Я еще не знала, сколько лет мне предстоит здесь провести, и никаких предчувствий у меня не было. Я думала о своих людях.
Многие из них уже спали – слишком устали, и, вдобавок, впервые за долгое время поели досыта. Правда, Мегакло и ее команда следили, чтобы не обжирались, иначе не избежать болезней. Из-за этой усталости не было обычных песен и состязаний у костров, но лагерь жил своей жизнью. Те, кого еще не сморил сон, обсуждали сегодняшние события, хвастались собственной храбростью, жаловались на раны (все это, разумеется, относится к самофракийцам), кто-то храпел и стонал во сне. Слышались стоны и другого рода. Кое-кто уже занимался любовью под покровом ночи, ибо на иных сражения действуют крепче вина и сильней конской травы.
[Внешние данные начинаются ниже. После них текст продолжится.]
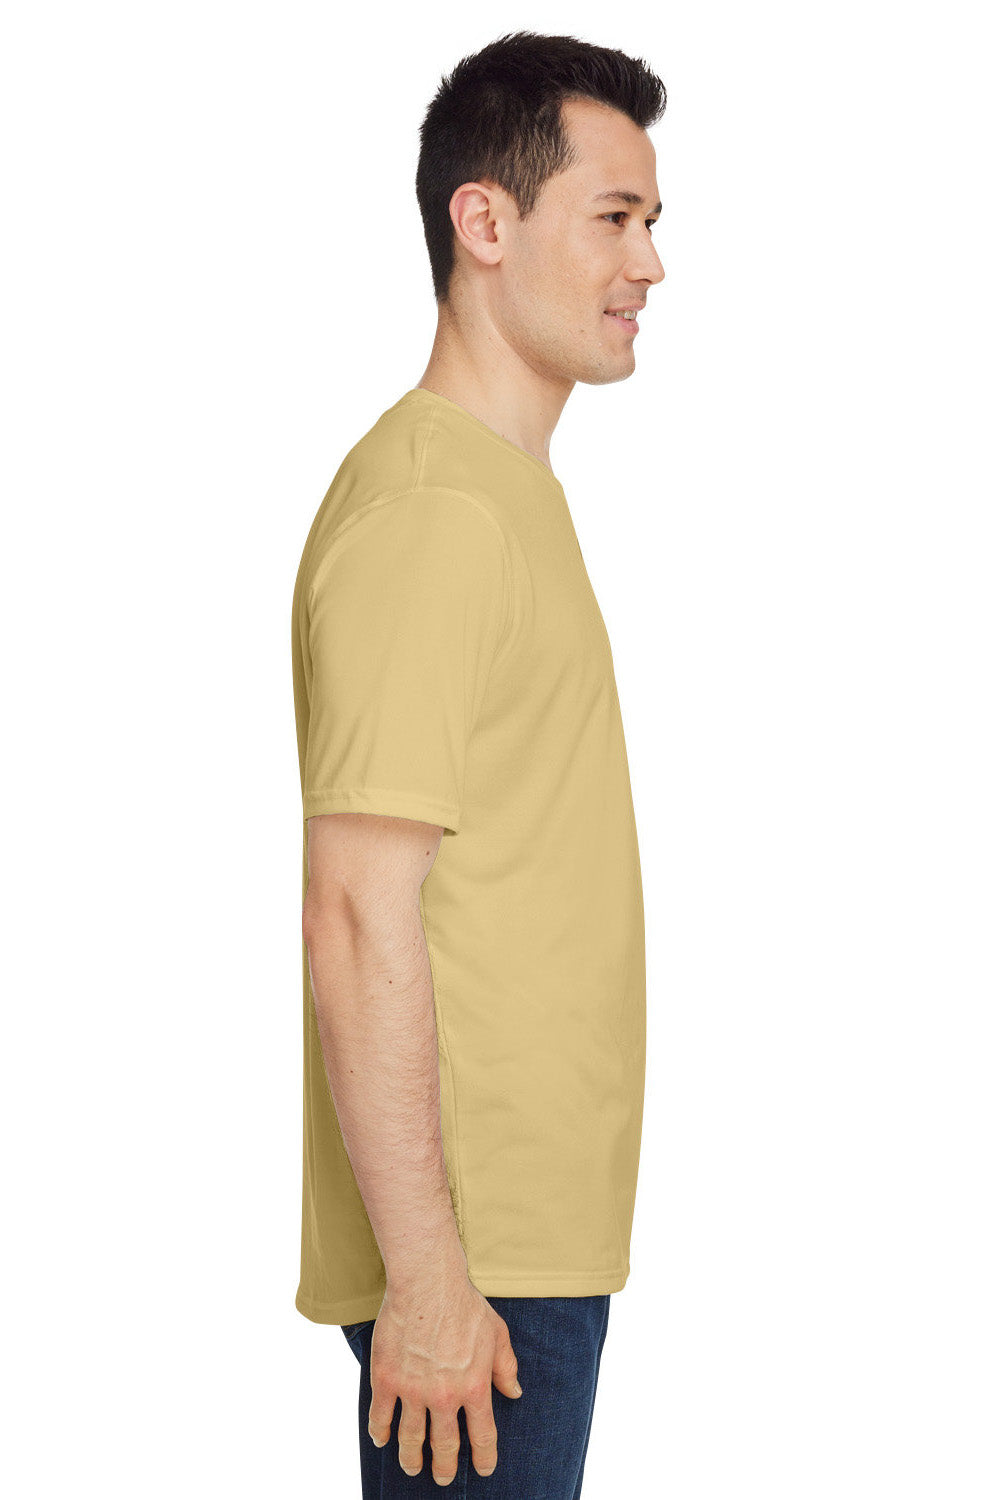 Under Armour 1376842 Mens Team Tech Moisture Wicking Short Sleeve Crewneck T-Shirt Vegas Gold Model Side

Перекликались часовые. Где-то вдали выли и тявкали волки, привлеченные запахом мяса. Я уже видела их днем, они не напоминали наших волков, их и волками-то с трудом можно было назвать, а из лагеря им отвечали рычанием наши псы.
Я подняла голову. Луна была огромна. Я подумала: не зря говорят, что Богиня пришла из этой земли. Оба ее лица – и дневное, и ночное, здесь таковы, как нигде…
Я должна получить больше знаний! Мы уже не в открытом море. Я не могу строить дальнейшие действия вслепую!
Растянувшись на прибрежных камнях, я уснула, не вспомнив, что так и не ела в тот день.
Утро началось с того, что вернулся Диокл. На рассвете его заметили часовые и подняли шум, так что к тому времени, как «Гриф» подгреб к берегу, весь лагерь проснулся.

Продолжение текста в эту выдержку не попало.